THE INPUT:
>>>>>

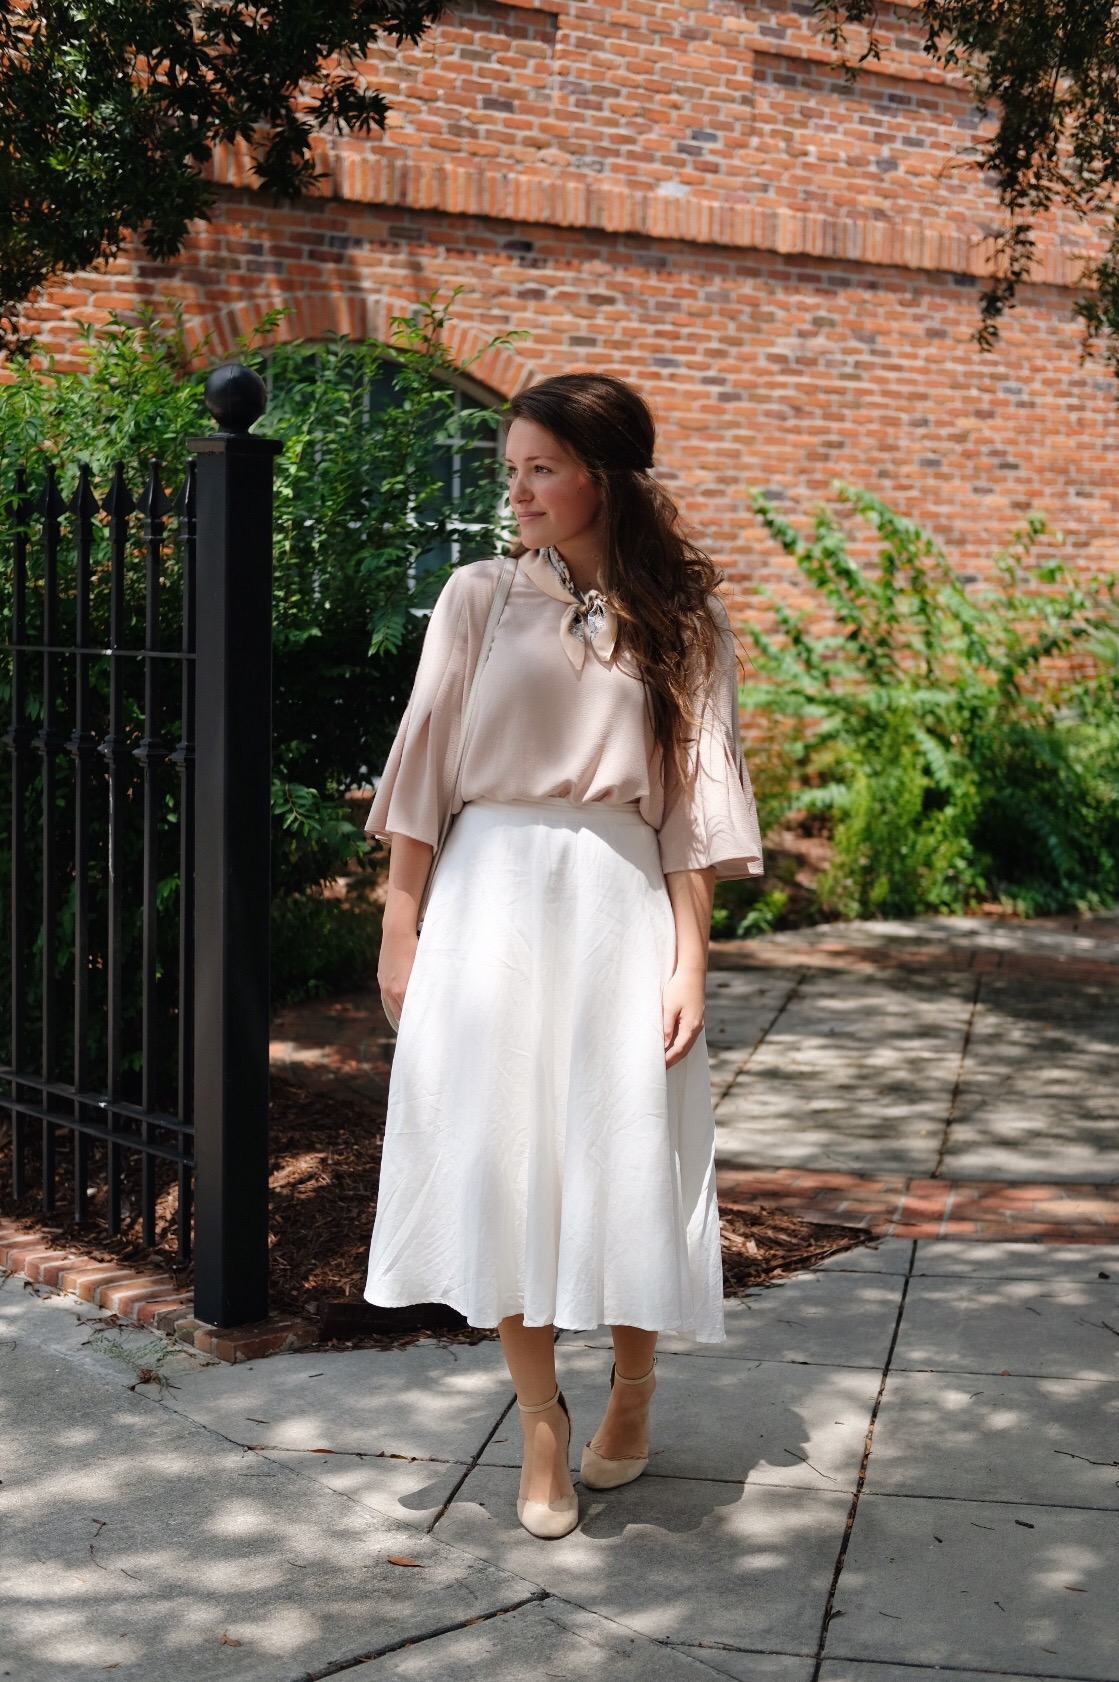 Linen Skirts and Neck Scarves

<<<<<
>>>>>

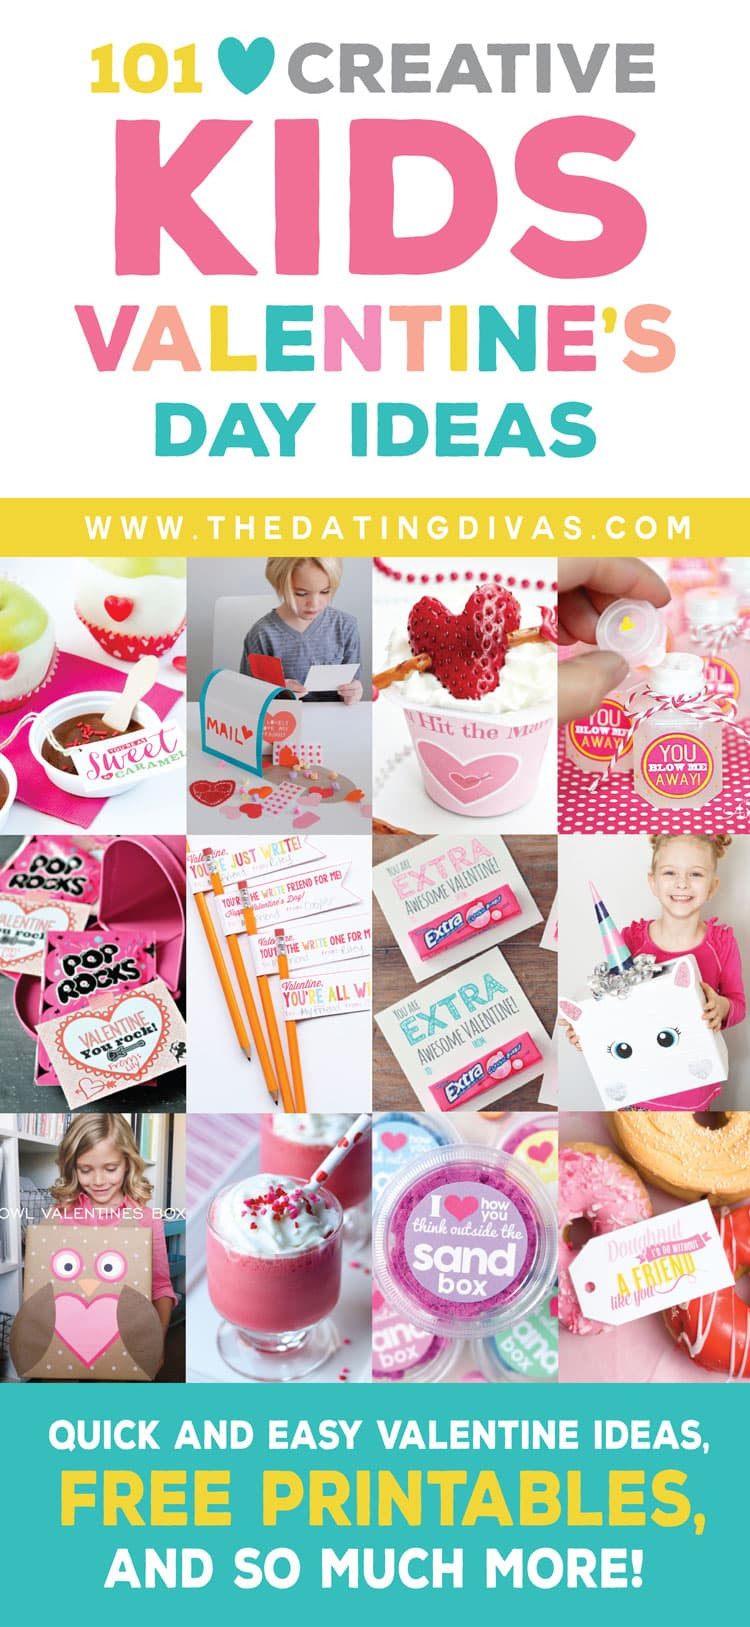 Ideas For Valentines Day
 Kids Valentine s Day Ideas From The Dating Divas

<<<<<
>>>>>

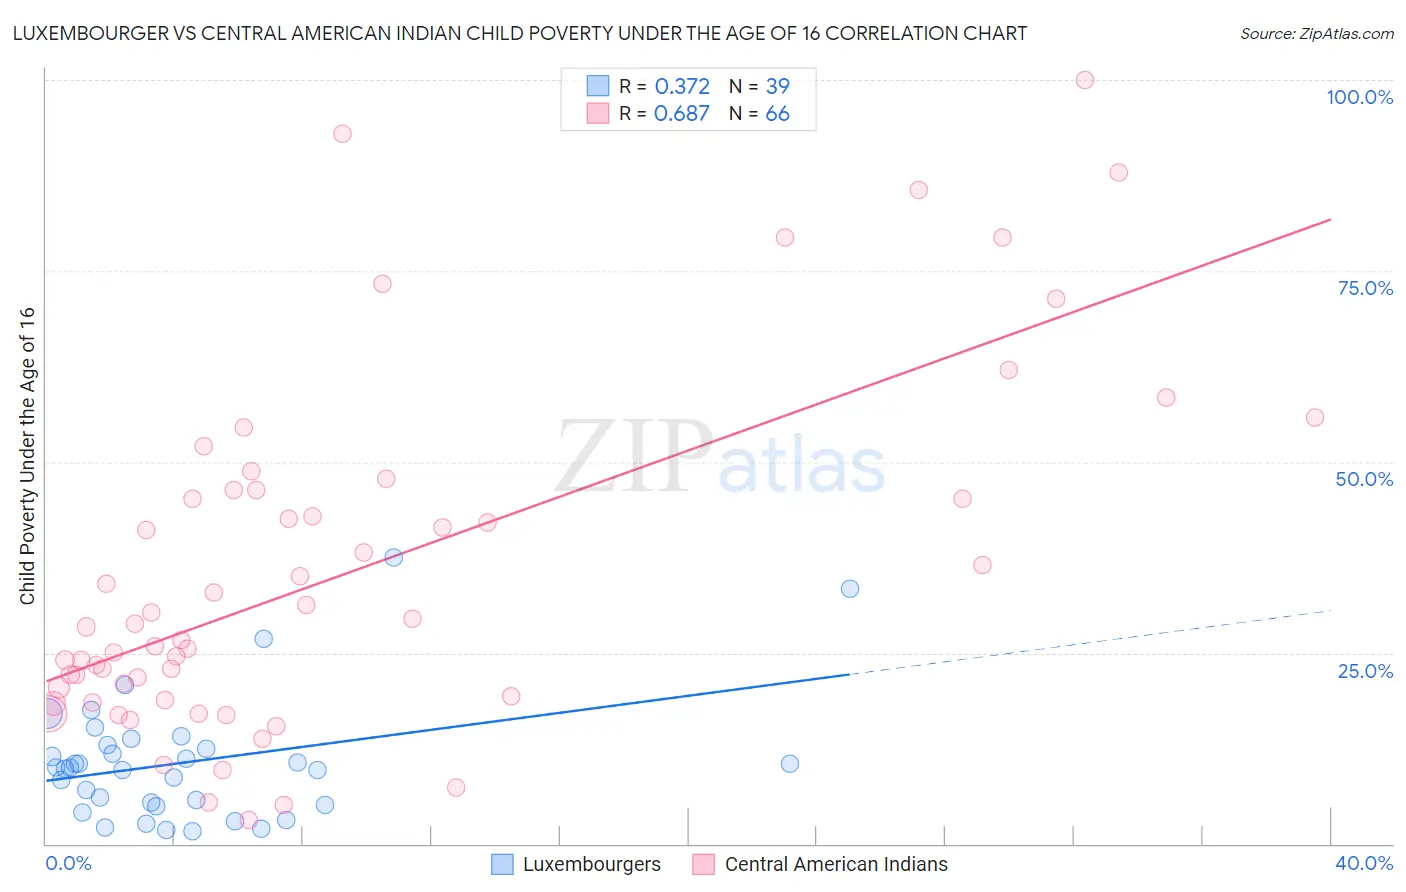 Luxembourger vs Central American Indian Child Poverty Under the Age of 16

<<<<<

Transcribe the listing above exactly, but only from the line with "Ideas For Valentines Day" through the line with "Kids Valentine s". Include both of those lines and omit the pictures.

RESPONSE TO THIS EXERCISE:
 Ideas For Valentines Day
 Kids Valentine s Day Ideas From The Dating Divas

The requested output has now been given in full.